Wer und was sind in Altötting prominent?

Das goldene Rössl
Die französische Königin Isabeau, eine bayrische Prinzessin, schenkte ihrem Gemahl König Karl IV. beim Neujahrsempfang 1404 die kostbare Goldschmiedearbeit „Maria in der Laube“. Eingearbeitet ist ein Diener, der ein Pferd hält. Dieses Motiv gab der Pretiose den Namen. Das einzigartige Kunstwerk kam nach Altötting in die Kapellenstiftung. Die Wittelsbacher liehen sich aus der Stiftung immer Geld, und das „goldene Rössl“ blieb dort als Pfand.
Feldmarschall Tilly
Er kämpfte im Dreißigjährigen Krieg auf der Seite der katholischen Liga. Da er ein großer Marienverehrer war, wollte er nahe bei der Gottesmutter bestattet sein. Nach antikem Brauch gab es 1632 eine getrennte Bestattung: das Herz ruht in einer Urne in der Gnadenkapelle, der Körper ist in der Gruft in der Stiftskirche beigesetzt. Die Wittelsbacher Kurfürsten und Könige haben die getrennte Bestattung übernommen. Ihre Herzen werden in der Gnadenkapelle aufbewahrt.


      


Kurfürst Maximilian
Durch seine Wallfahrt bei Regierungsantritt vermehrte er den Ruhm Altöttings. Er führte das tägliche Beten des „Angelus“ ein. Auf ihn geht der Zweitvorname Maria zurück. Für Maria, die Patronin Bayerns, ließ er in München die Mariensäule errichten, die zum geographischen Mittelpunkt des damaligen Bayern wurde. Er begründete das Anbringen von Hausmadonnen, und er veranlasste die Herausgabe von Beichtzetteln an Ostern. In Altötting wurde mit dem österreichischen Kaiser gegen die türkische Invasion ein Pakt geschlossen, eine Allianz zwischen den Habsburgern und den Wittelsbachern. 1683 wurden die Türken mit Maria als Schutzheiliger auf den Bannern vor Wien besiegt. Der 12. September wurde Maria mit „Maria Namen“ gewidmet.
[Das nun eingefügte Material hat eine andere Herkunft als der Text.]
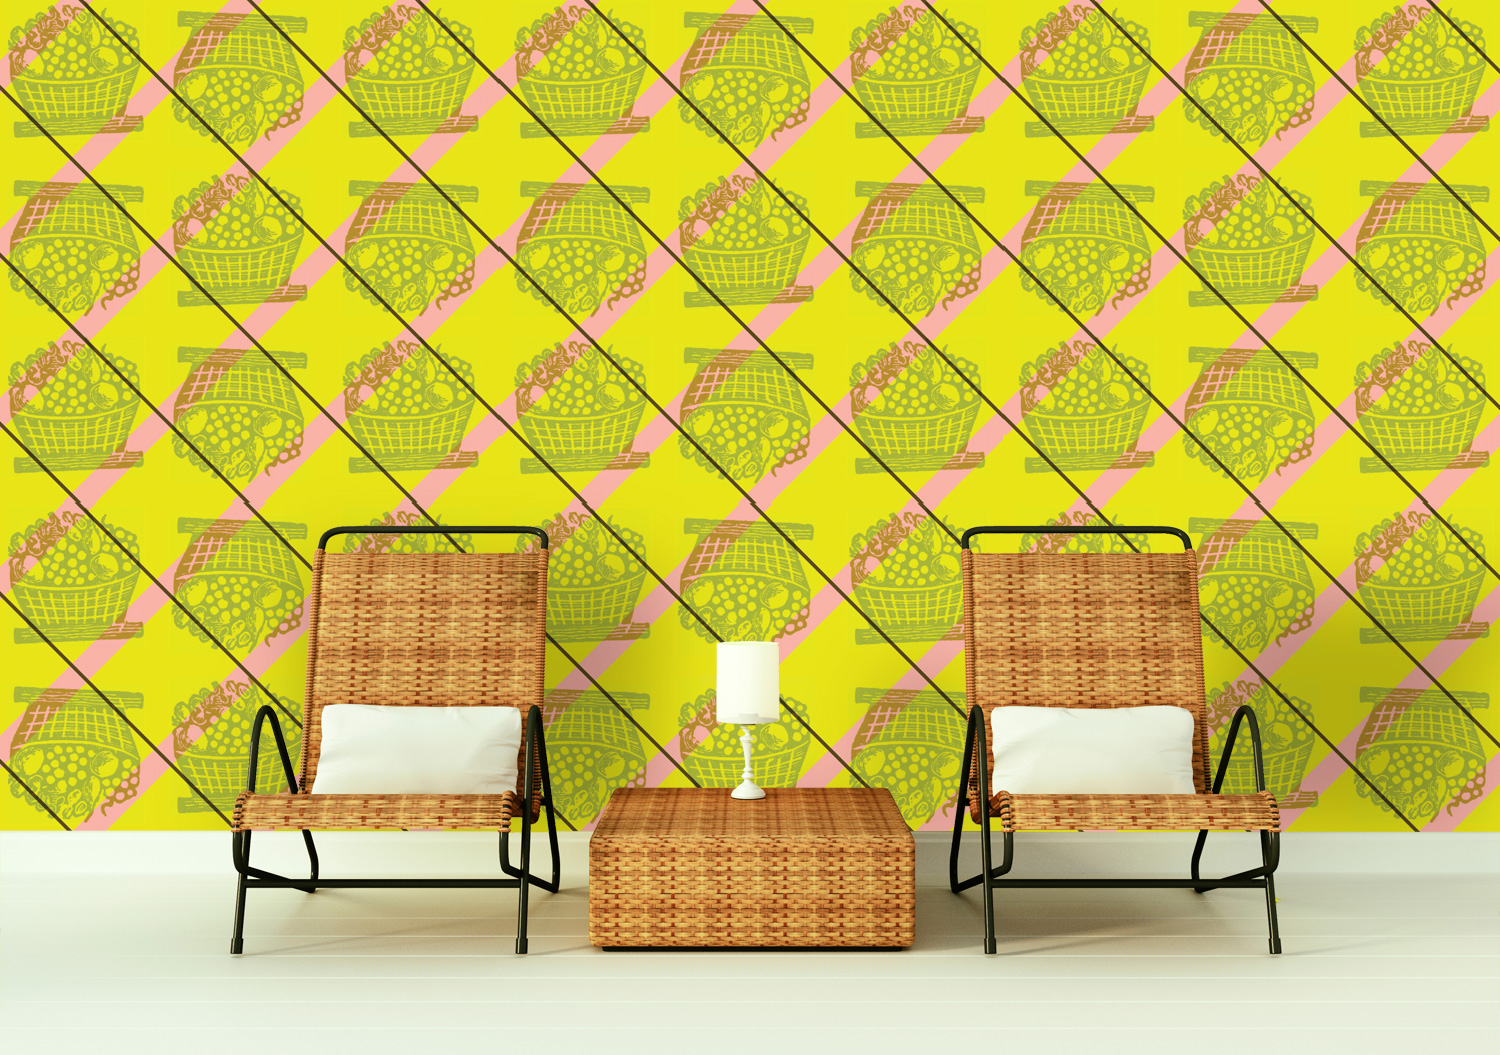 Wicker-Chairs-TUTTI-saffron.jpg

Silberne Jünglingsfigur („Silberprinz“)
Der 12-jährige kranke Thronfolger ist durch Maria gesundet. Die Wittelsbacher stifteten als Dank eine silberne Skulptur mit dem Gewicht des Buben.

Erhard Karl ging in seinem Vortrag noch kurz auf den bekannten Altöttinger Klosterpförtner Bruder Konrad und dessen fast skurrile Heiligsprechung ein.

Besonders berührend war diese Episode, die eine Zuhörerin am Ende der Veranstaltung erzählte: Herr Karl hatte ein Bild mit Prothesen von geheilten Wallfahrern gezeigt. Darunter hatte die Zuhörerin die Prothese ihres Enkels entdeckt. Dieser war als Dreijähriger noch auf dem Boden herumgerobbt, aber nach einer gemeinsamen Wallfahrt zur Muttergottes hatte er gehen können. Der Mythos Altötting war für das Publikum im Pfarrsaal St. Jakob konkret fassbar geworden.